Governor of Helmand 

Sher Mohammed Akhundzada was appointed as Governor by the President Hamid Karzai in 2001 and served until 2005.

Talking to journalists in Kabul, Sher Muhammad Akhundzada claimed that while he was governor of Helmand for four years, NATO did not drop a single bomb on the province, no civilians were killed, and no districts fell to the Taliban. "If I were still there, I am sure things would be the same as before."

He identified  agricultural projects to be implemented in Helmand such as excavation of a canal from the Kajaki dam to irrigate northern Helmand, construction of an intake on Musa Qala River to irrigate the arable lands and generate electricity, and construction of an intake on Helmand river in Kamal Khan to irrigate unproductive farms.

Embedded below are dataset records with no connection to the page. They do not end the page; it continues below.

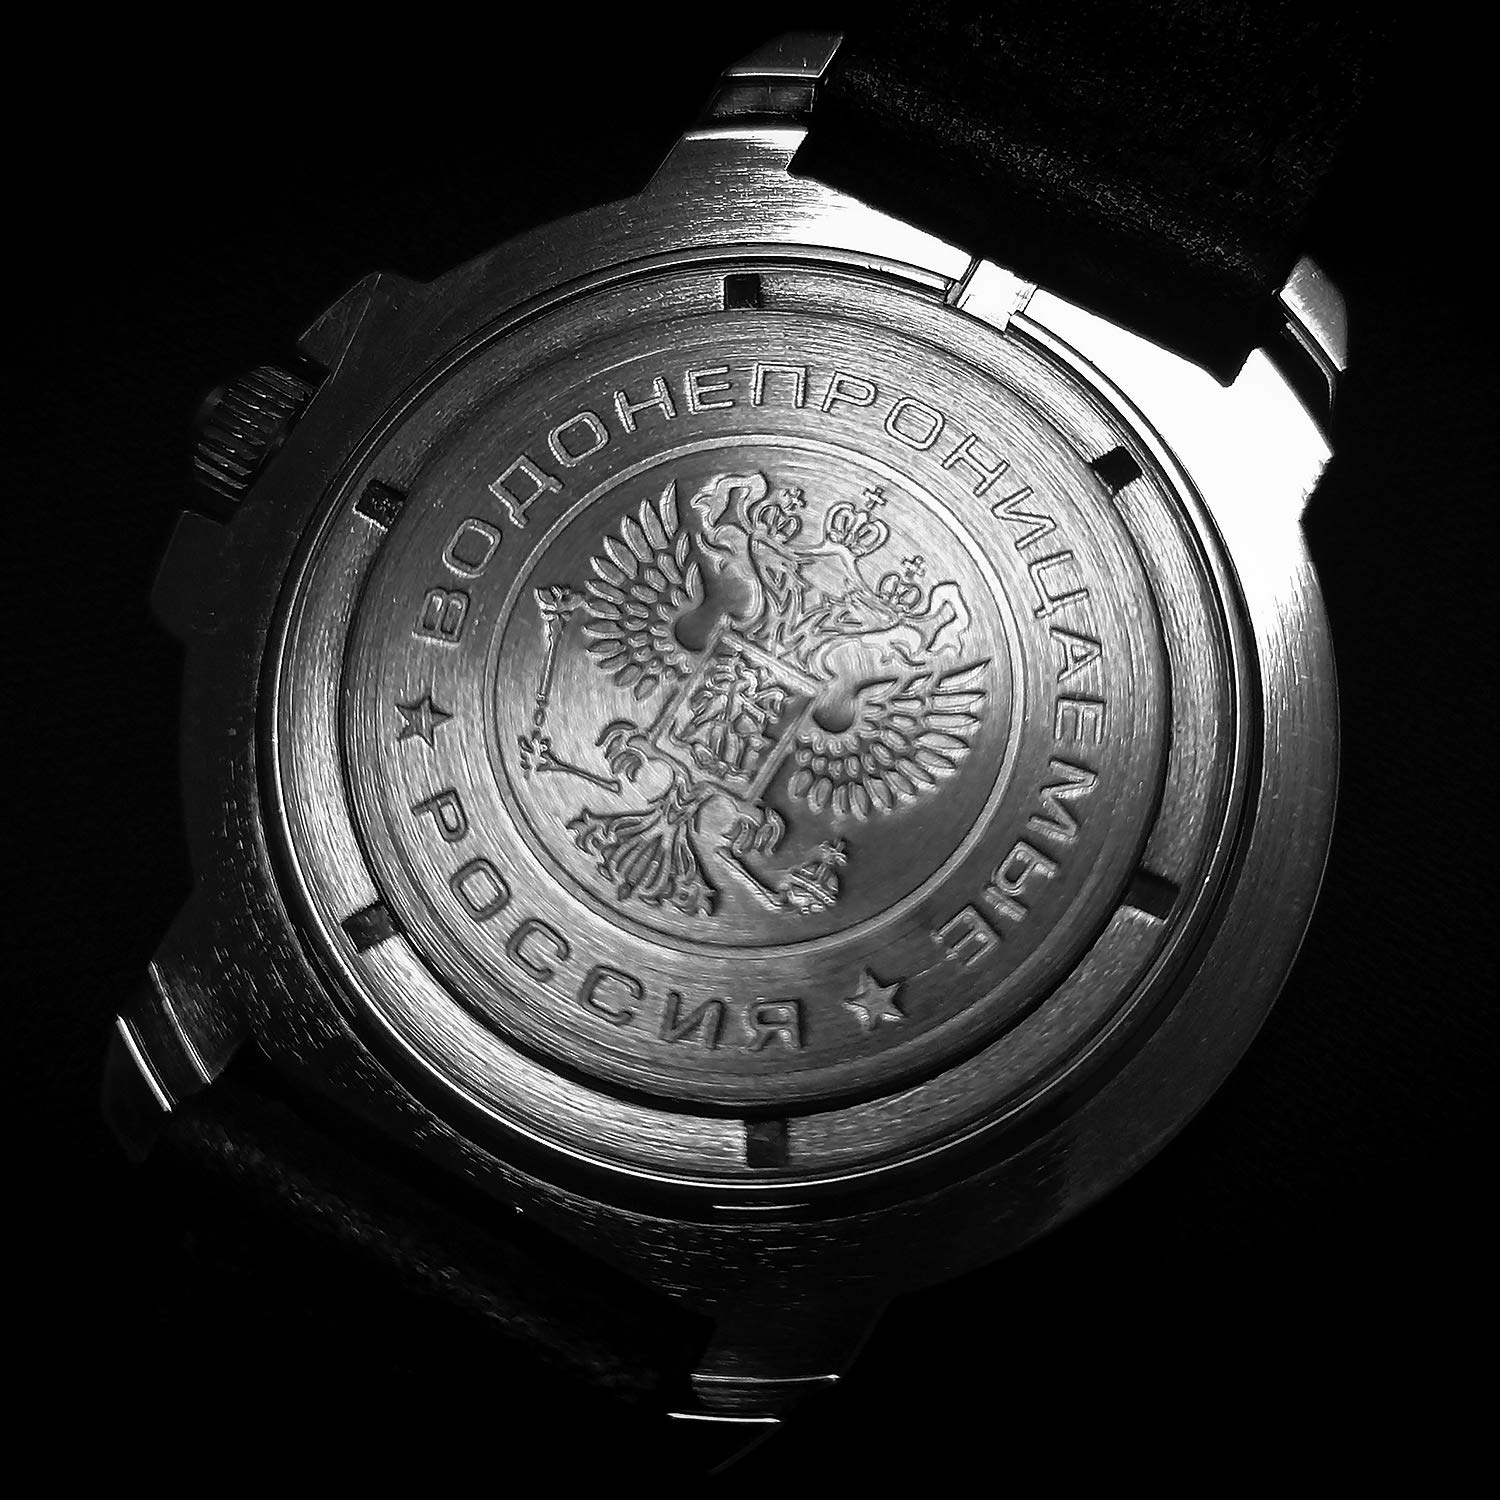 VOSTOK | Komandirskie Red Star Army Commander Russian Military Mechanical Wrist Watch | Fashion | Business | Casual Men’s Watches | Series 186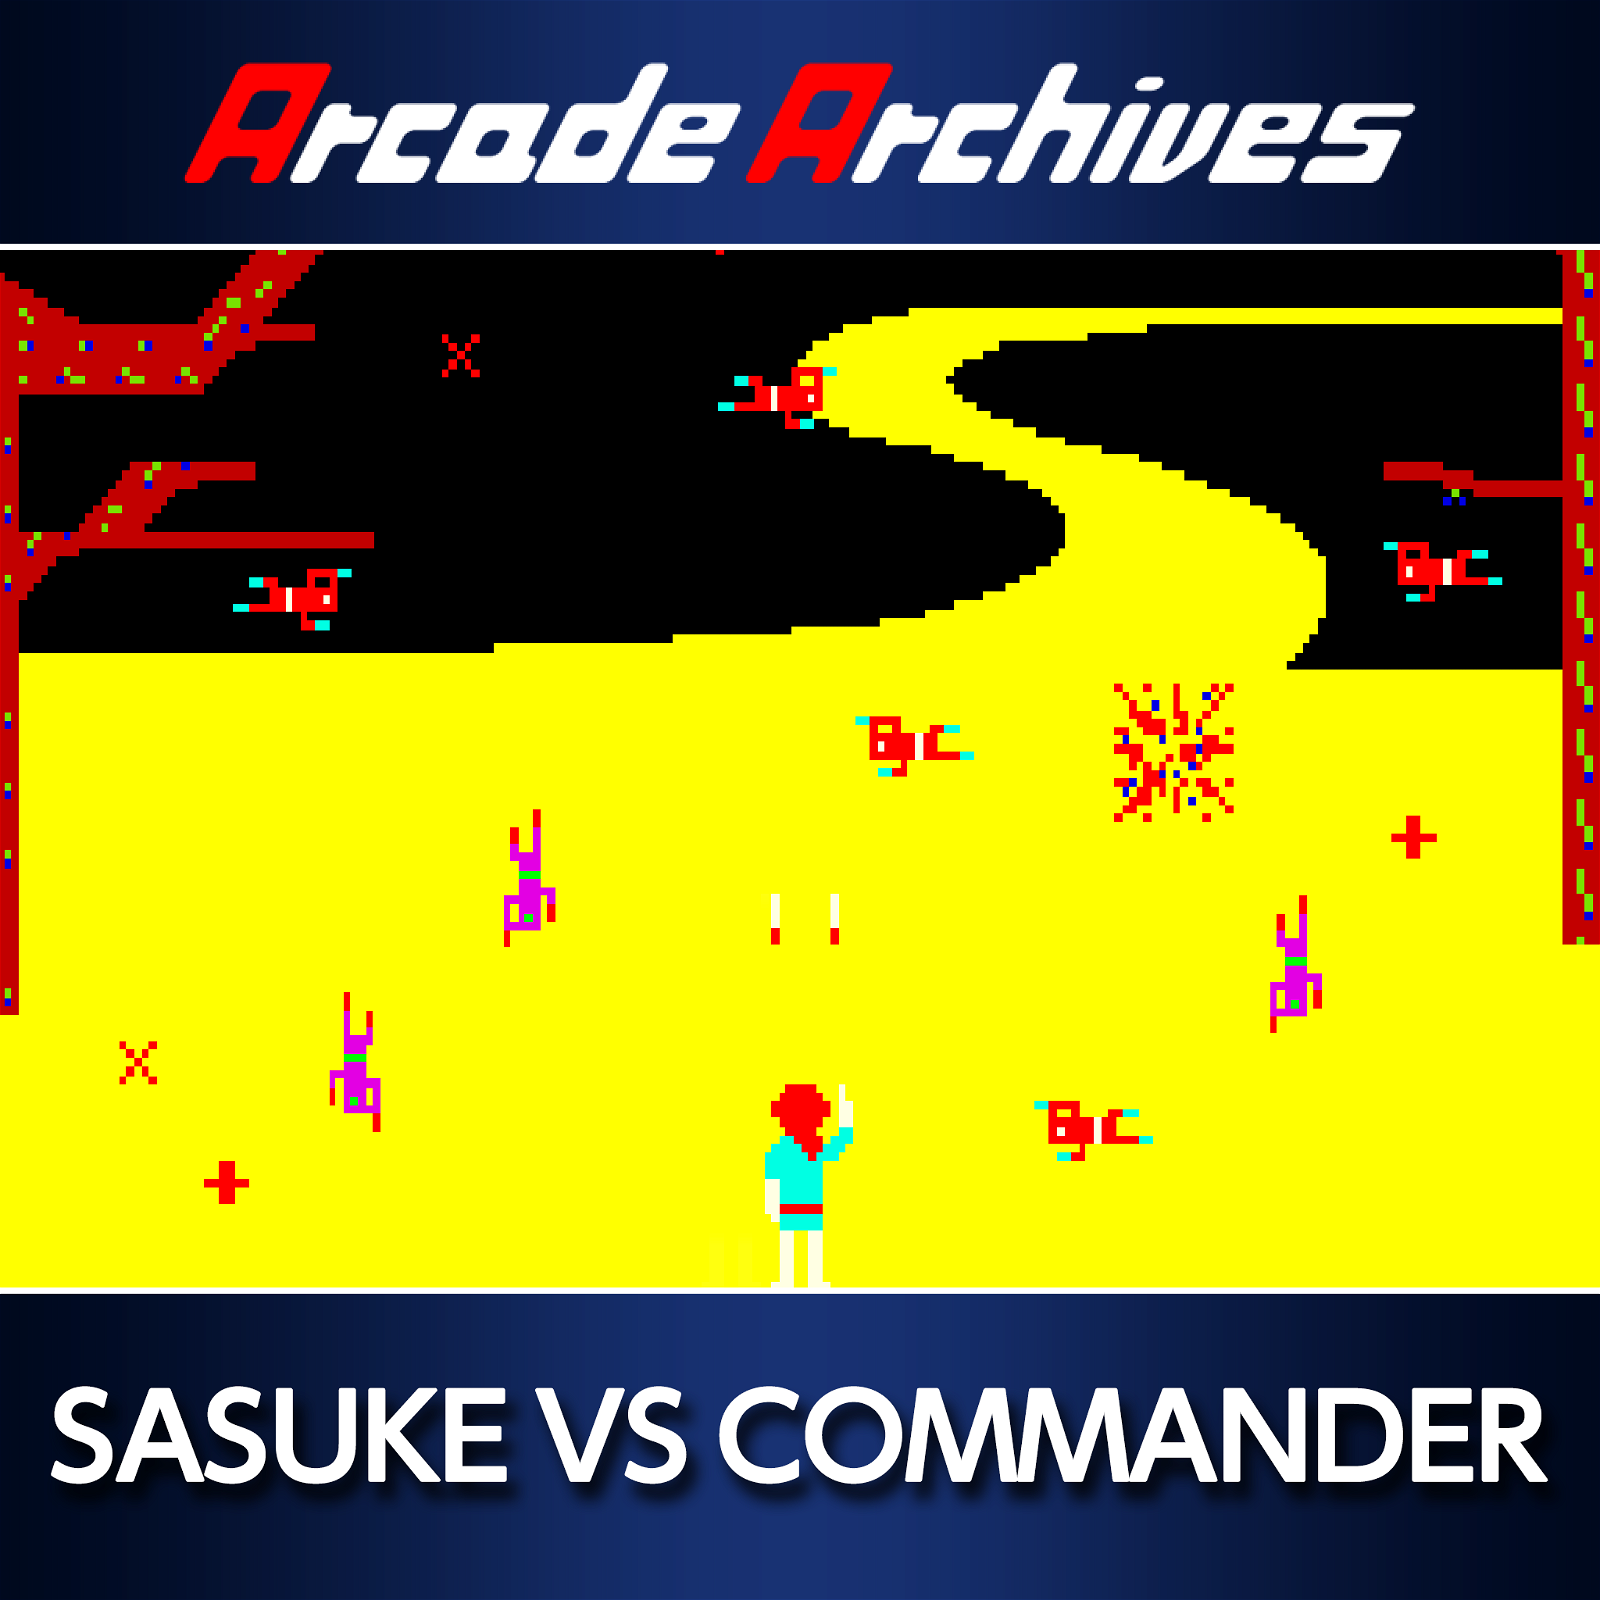 Image of Arcade Archives SASUKE VS COMMANDER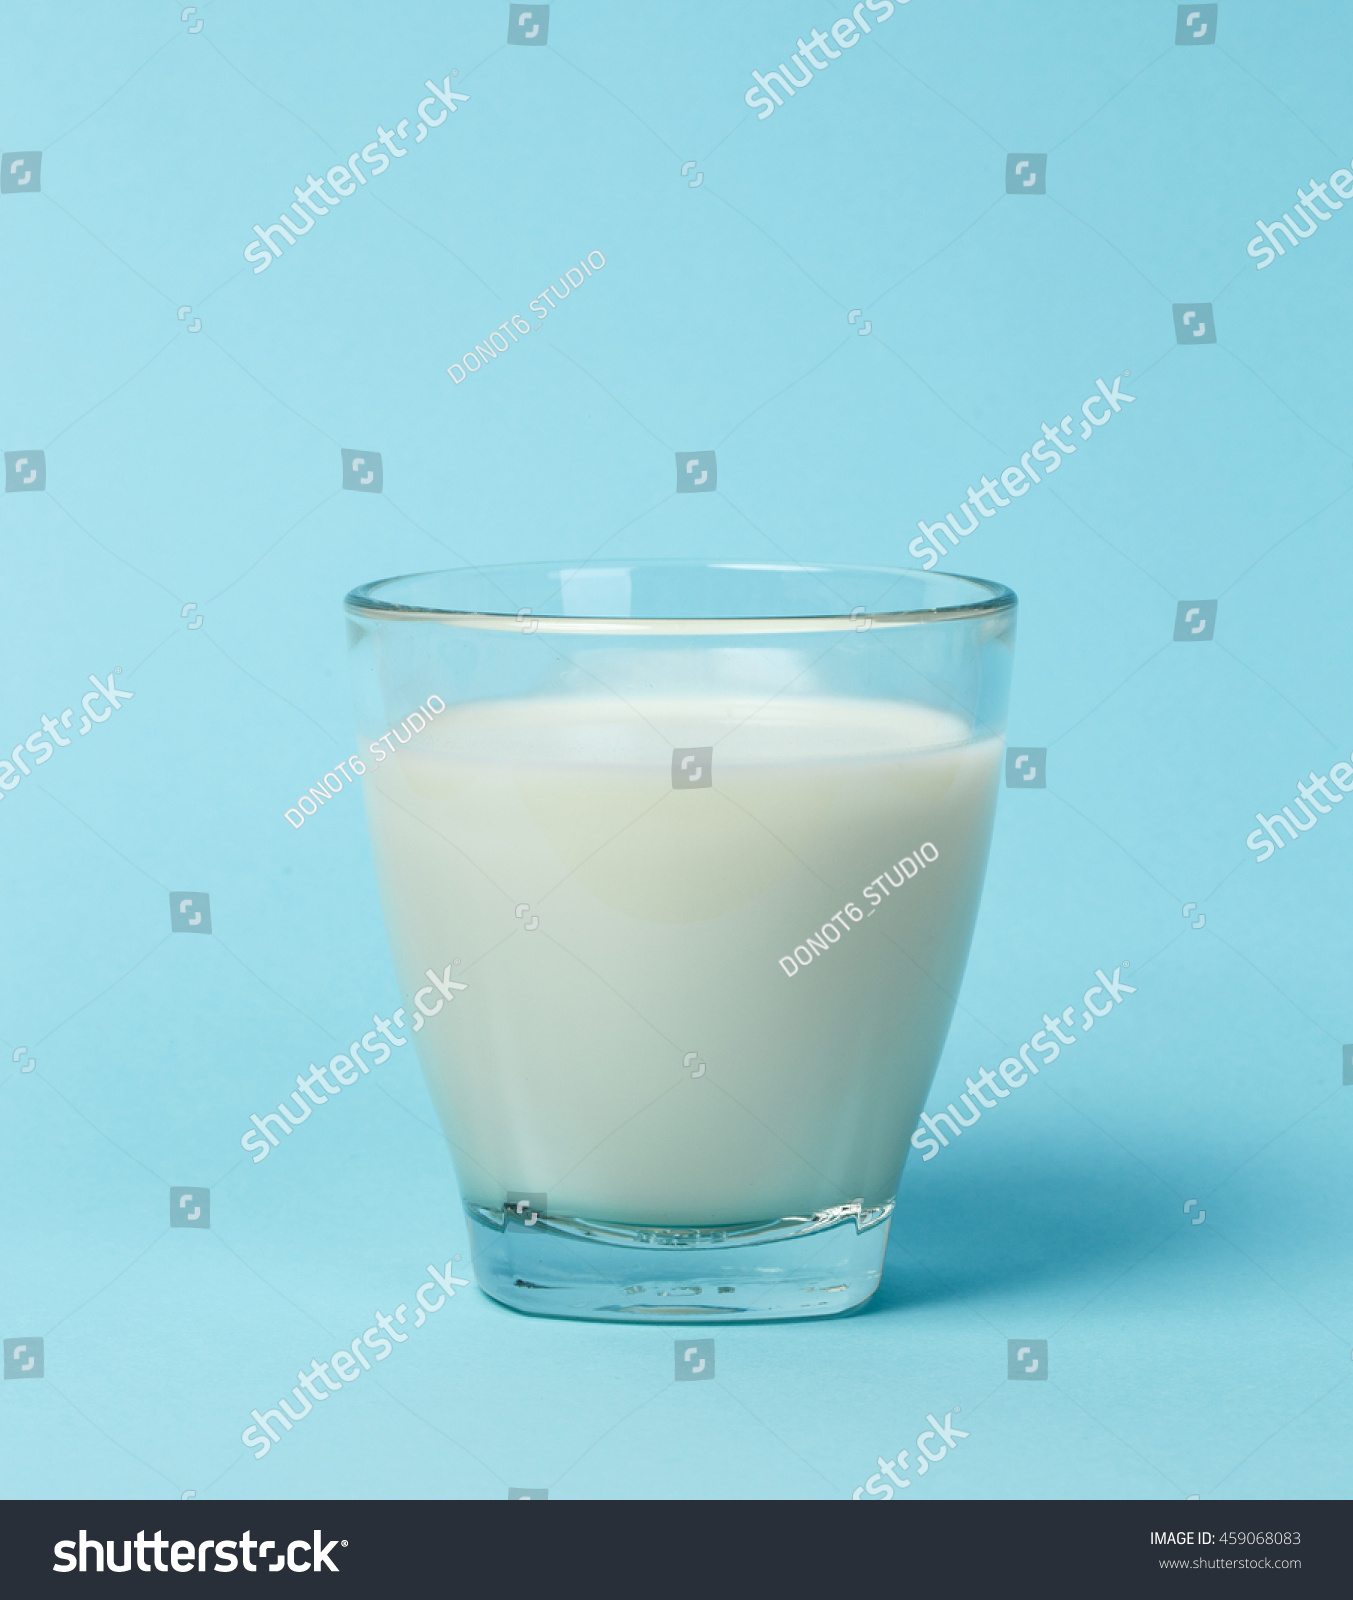 Milk glass over blue background #459068083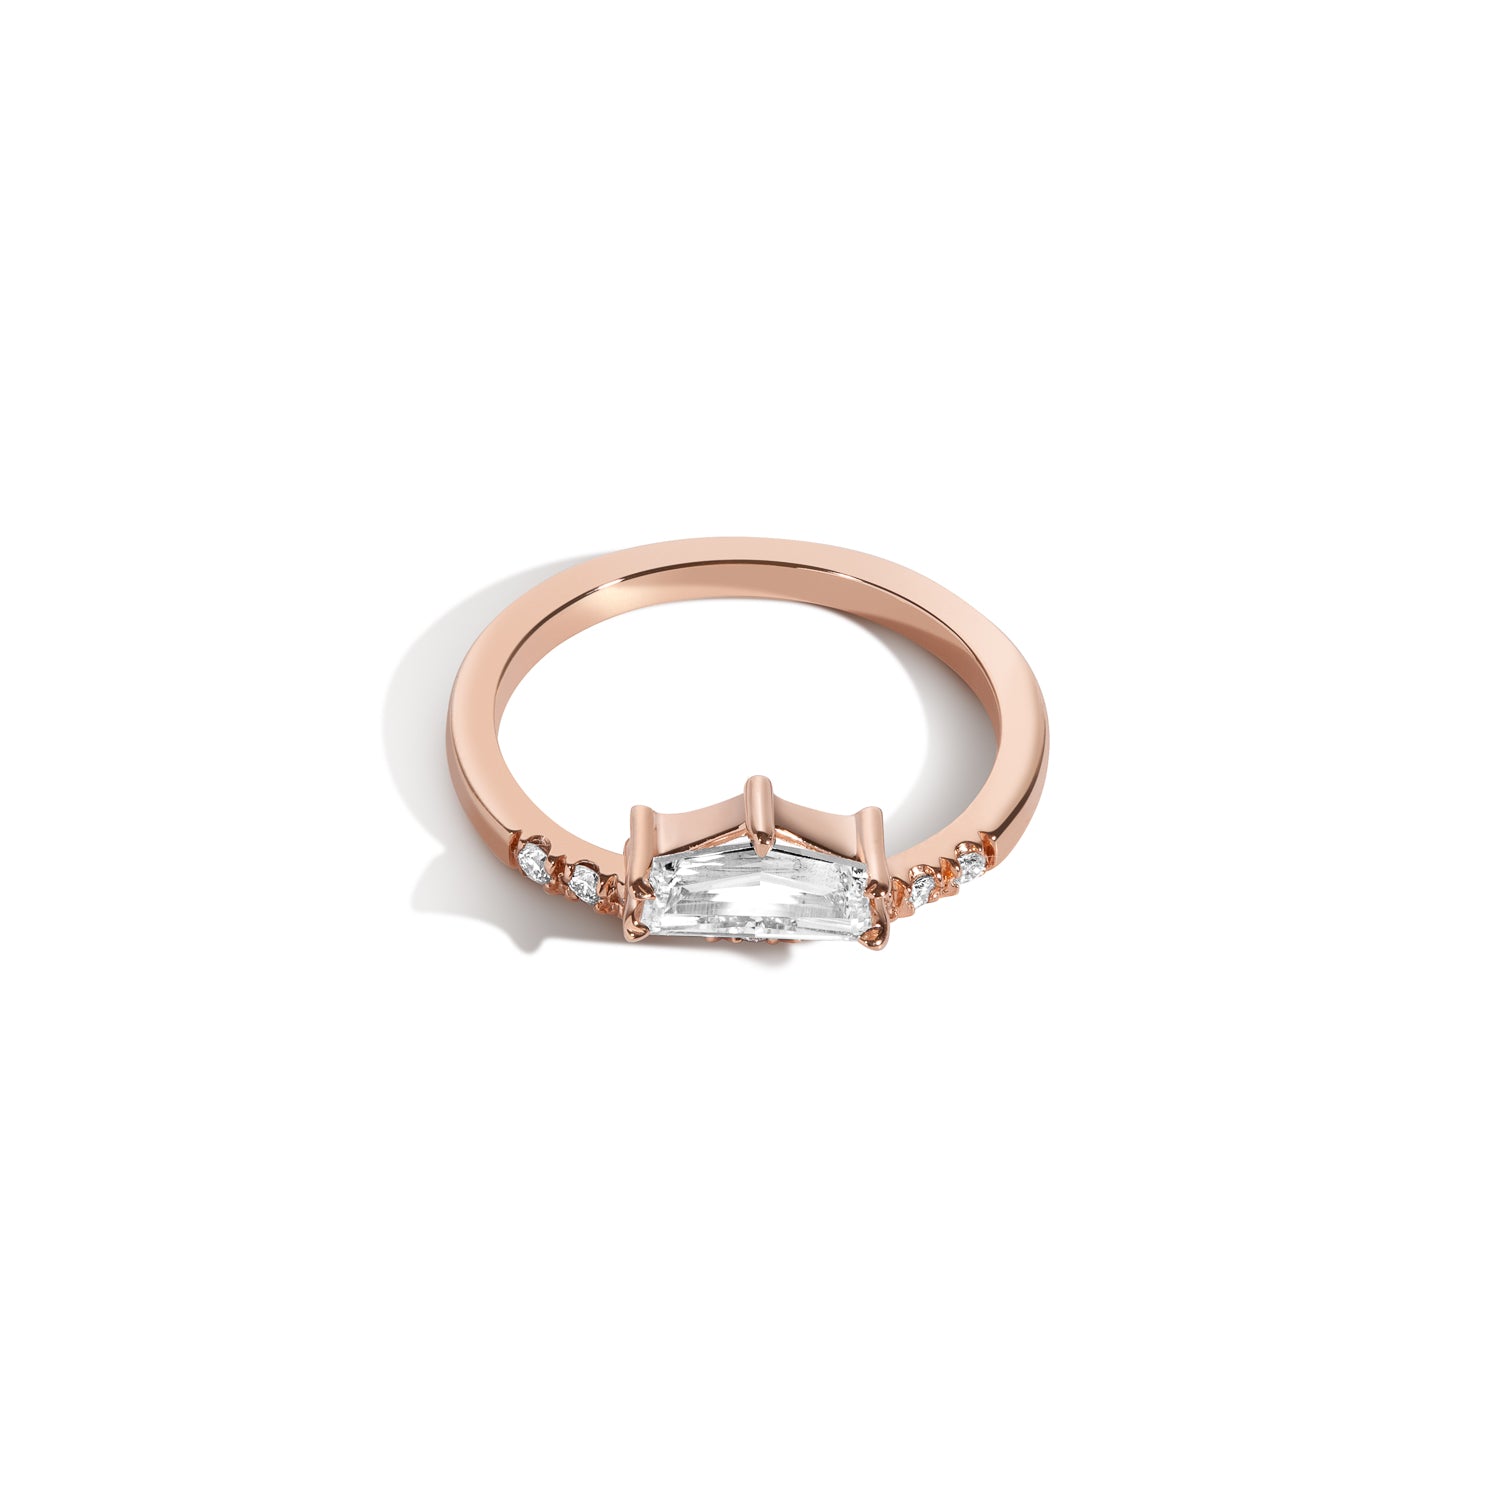 Shahla Karimi Jewelry Landmark Series Brooklyn Bridge Ring No.2 14K Rose Gold

Sher Mohammad was also deeply involved in the production and smuggling of opium.

In June 2005 Sher Mohammad's compound was raided by US forces, which claimed to have found a large stash of opium. Britain—which had been designated the "lead nation" for counter-narcotics activities in Afghanistan—successfully lobbied for Sher Muhammad's deposition before deploying ISAF forces to Helmand.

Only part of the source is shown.